He reached out his work-worn hand to touch her, but she shrank away. “Listen, Johan volunteered to go. I didn’t want to send him, but you were unwilling. What was I supposed to do? I needed to make contact with the Resistance here. You want to get rid of me as fast as possible—well, this is the way it needs to be done. In fact, you may have to go to the Underground cell yourself and find out what happened.”
“Why did you come here?”
“If you remember, your brother brought me here. I didn’t have much choice in the matter.”
“You didn’t have to shoot a missile through our happy life.”
“Were you really happy?” His bright blue eyes bored into her, as if he could see into her head like a gypsy’s crystal ball.

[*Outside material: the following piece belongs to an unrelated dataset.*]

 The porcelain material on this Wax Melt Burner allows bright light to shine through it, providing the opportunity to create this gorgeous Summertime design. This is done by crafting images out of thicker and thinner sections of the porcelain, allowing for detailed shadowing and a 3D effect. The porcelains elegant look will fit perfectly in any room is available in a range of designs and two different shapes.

He had no right to ask her that question. Safe and secure—that’s what she wanted. Happiness had died with Hans. Happiness carried too great a price.

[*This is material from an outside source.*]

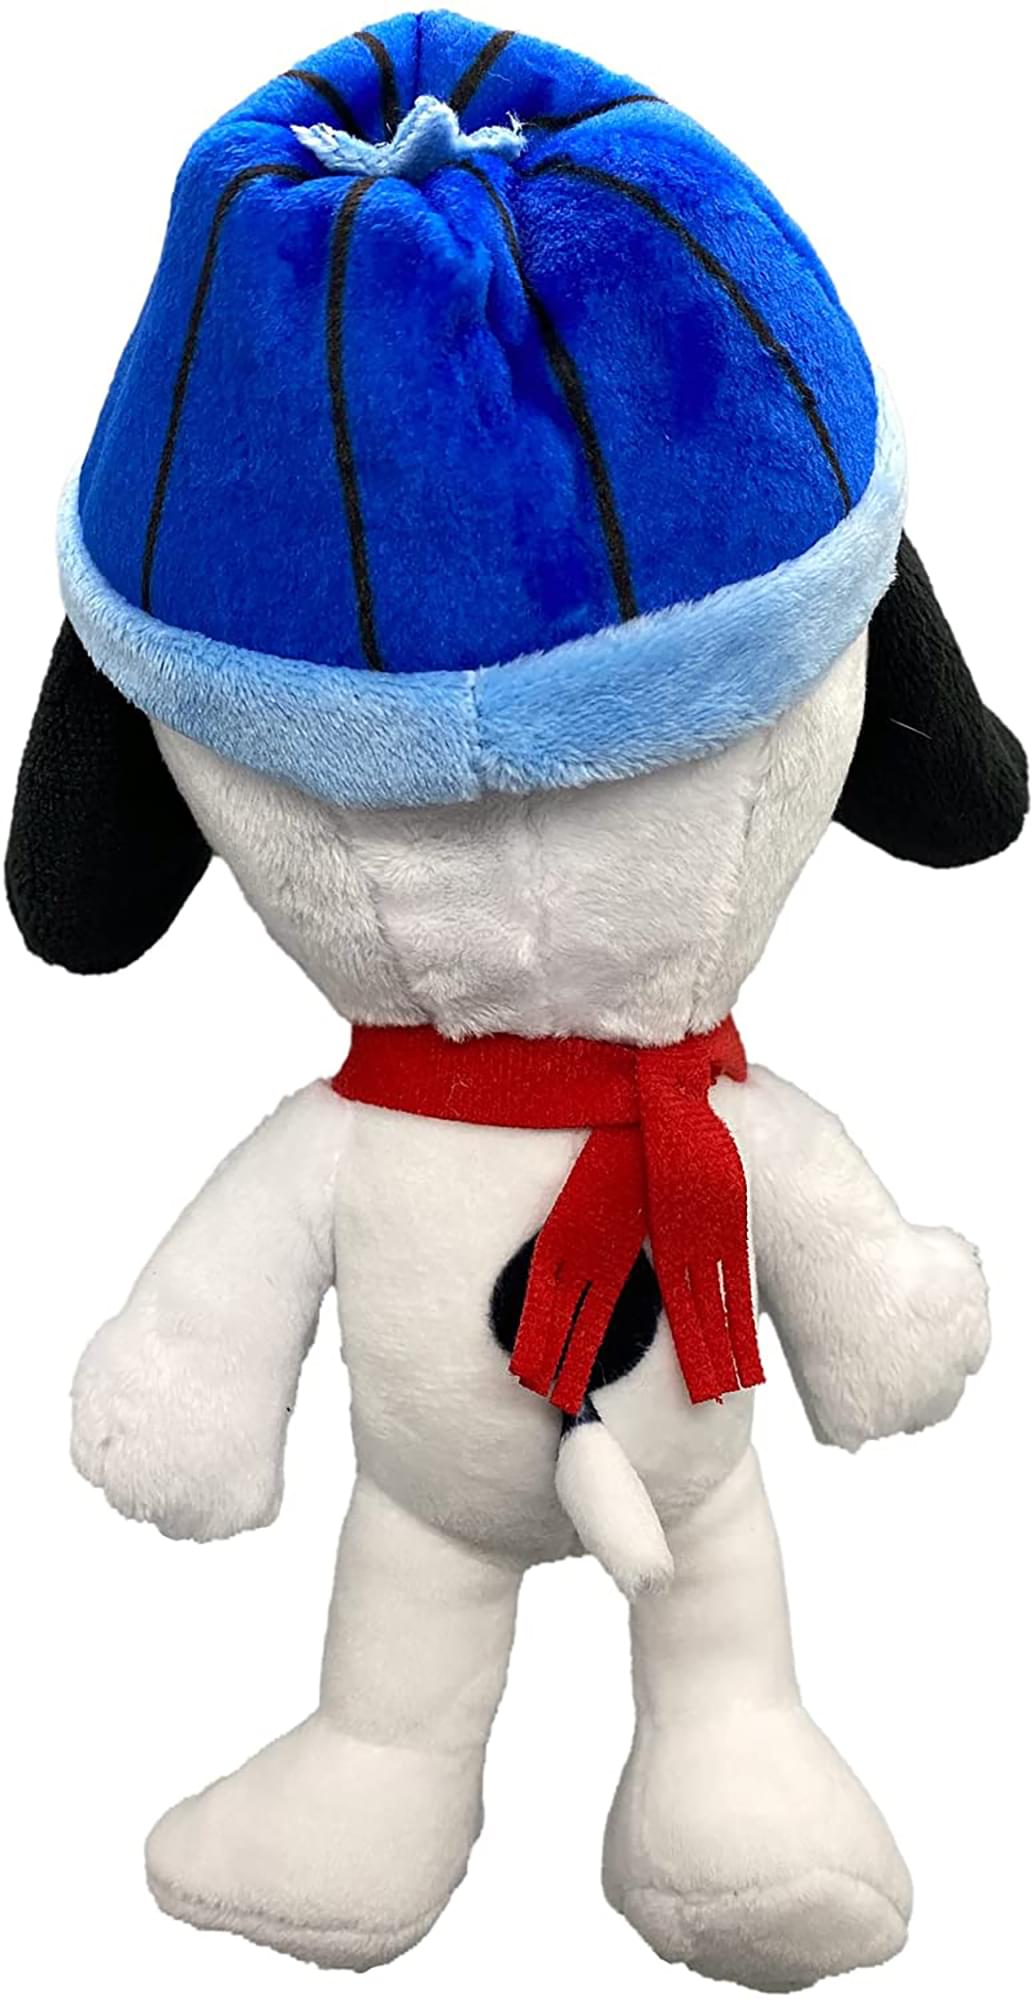 The Snoopy Show 7.5 Inch Plush | Winter Beanie Snoopy

She clutched her stomach and turned away from the man who made her think too much. “I have to go and check on Frou de Bruin, do a few chores for her, and get her noon meal prepared. I have a job. When I get back, you need to have a plan to find Johan.”
She turned and strode out of the room, not wanting to give Gerrit a chance to say anything more. Especially not anything that would make her delve further into long-locked-away memories.
CORNELIA WALKED BRISKLY down the road lined with farm fields, away from Gerrit and the intense gaze of the German soldiers. She lifted her shoulders and inhaled a deep breath of cold air and tasted the ocean on her tongue. She had known Gerrit Laninga for less than sixty hours and he had toppled her world.
Because of him, Johan had disappeared. Would she ever see her brother again? Danger hung about Gerrit like a cloak. He brought only heartache and trouble with him.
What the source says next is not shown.